Los historiadores hemos percibido siempre la crisis de una civilización en la pérdida de una conciencia, en la erosión de una serie de certezas fundacionales en las que cobra significado el sentirse parte de una inmensa tradición y de un gran proyecto de vida en común. La ausencia de esa perspectiva, mucho más que las penalidades materiales, es lo que ha conducido a la destrucción de sociedades que dejaron de creer en ellas mismas porque empezaron por perder su fe en los principios sobre los que se habían constituido. La quiebra de los valores en los que se funda una comunidad afecta a la imprescindible integridad de una cultura, a la validez de una manera de entender el mundo, a la firmeza de un modo de ordenar una existencia colectiva.

Si una nación es la causa que defiende, si una sociedad es el espíritu que la inspira, si una civilización es la conciencia de su continuidad histórica, la gravedad de la crisis de España no se encuentra en los curables desequilibrios de nuestra economía, sino en el atroz vaciado de los principios que nos hicieron parte de un gran espacio al que llamamos Occidente. No podrá consolarnos de esta pérdida que también se sufra en otros países europeos, aunque en el nuestro la cosa empeore por la falta de resistencia ideológica, por el complejo de inferioridad, por la inaudita carencia de coraje cívico con el que se acepta la derrota sin haber dado la batalla. Y mucho más porque España es el único país occidental en el que se admiten reproches políticos y desplantes doctrinales de quienes, en los últimos cien años, han hecho pasar a Europa por las etapas más vergonzosas de las que guarda memoria la modernidad.

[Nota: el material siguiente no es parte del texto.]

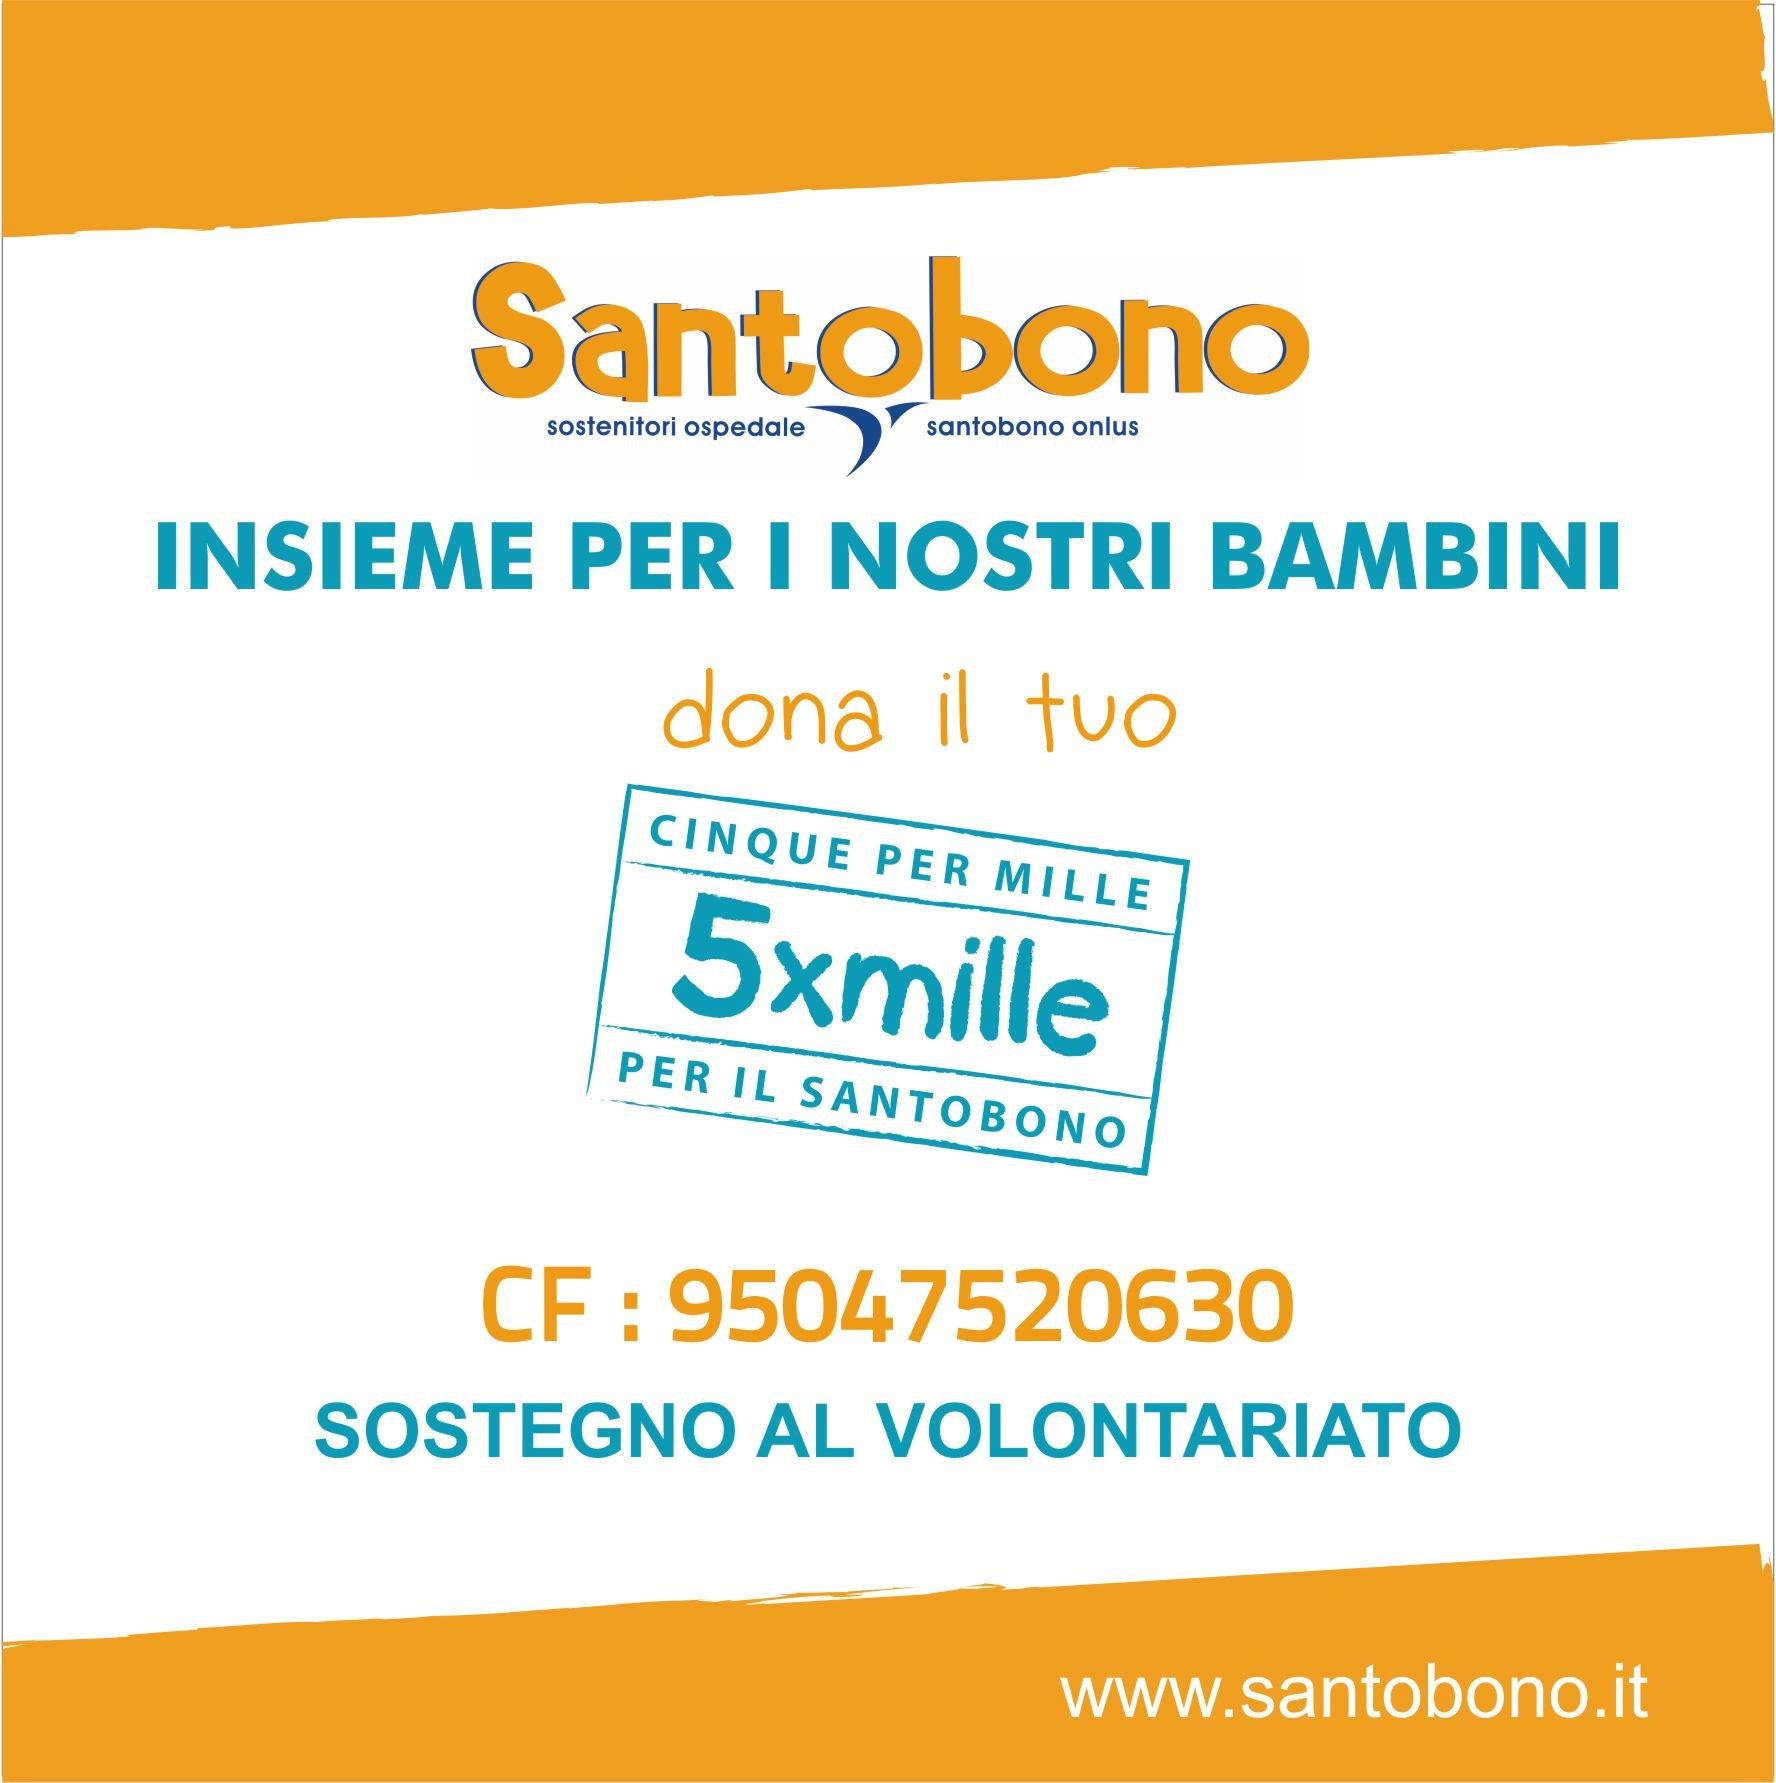 5 Per Mille al Santobono | CF 95047520630 | sez. SOSTEGNO AL VOLONTARIATO

La norma que debe regular la interrupción del embarazo vuelve a presentarse como ese territorio de abundantes vicios privados y escasas virtudes públicas donde toma forma nuestra vida social. Los conflictos desatados por el proyecto son el escenario en el que se representa la triste envergadura de nuestras convicciones. En estas últimas jornadas, el llamado «tren de la libertad» ha realizado un corto viaje sentimental, un vociferante transporte de mercancías ideológicas, cuyo evidente estado de caducidad no les impide presentarse como alimento del progreso y tonificante de la democracia. De nuevo, las exhortaciones de este sector guardan los atributos esenciales de un acto de propaganda y descartan cualquier indicio de los recursos de una argumentación. Lo que cuenta es, como siempre en el mundo estético de nuestra izquierda, la puesta en escena: exhibir dos caminos que conducen al mismo corazón de las tinieblas.

El primero, que la defensa de la vida es una patética exageración del lenguaje, una inexactitud grandilocuente de reaccionarios, que confunden una simple acumulación de materia orgánica con un ser humano. El segundo, que sea cual sea la condición de lo que una mujer embarazada lleva en su seno, a ella solamente corresponde tomar la decisión de permitir que la gestación continúe o se interrumpa. Siempre fiel a ese melodramático estupor laicista que paraliza los órganos sensoriales de nuestra izquierda, quienes se manifiestan indican que la Iglesia trata una vez más de inculcar sus dogmas a los no creyentes, como si el aborto fuera un asunto que nace y muere en el cauce moral del catolicismo. Como si la defensa de ese proyecto existencial que es una vida ya concebida no tuviera más motivación que las convicciones religiosas.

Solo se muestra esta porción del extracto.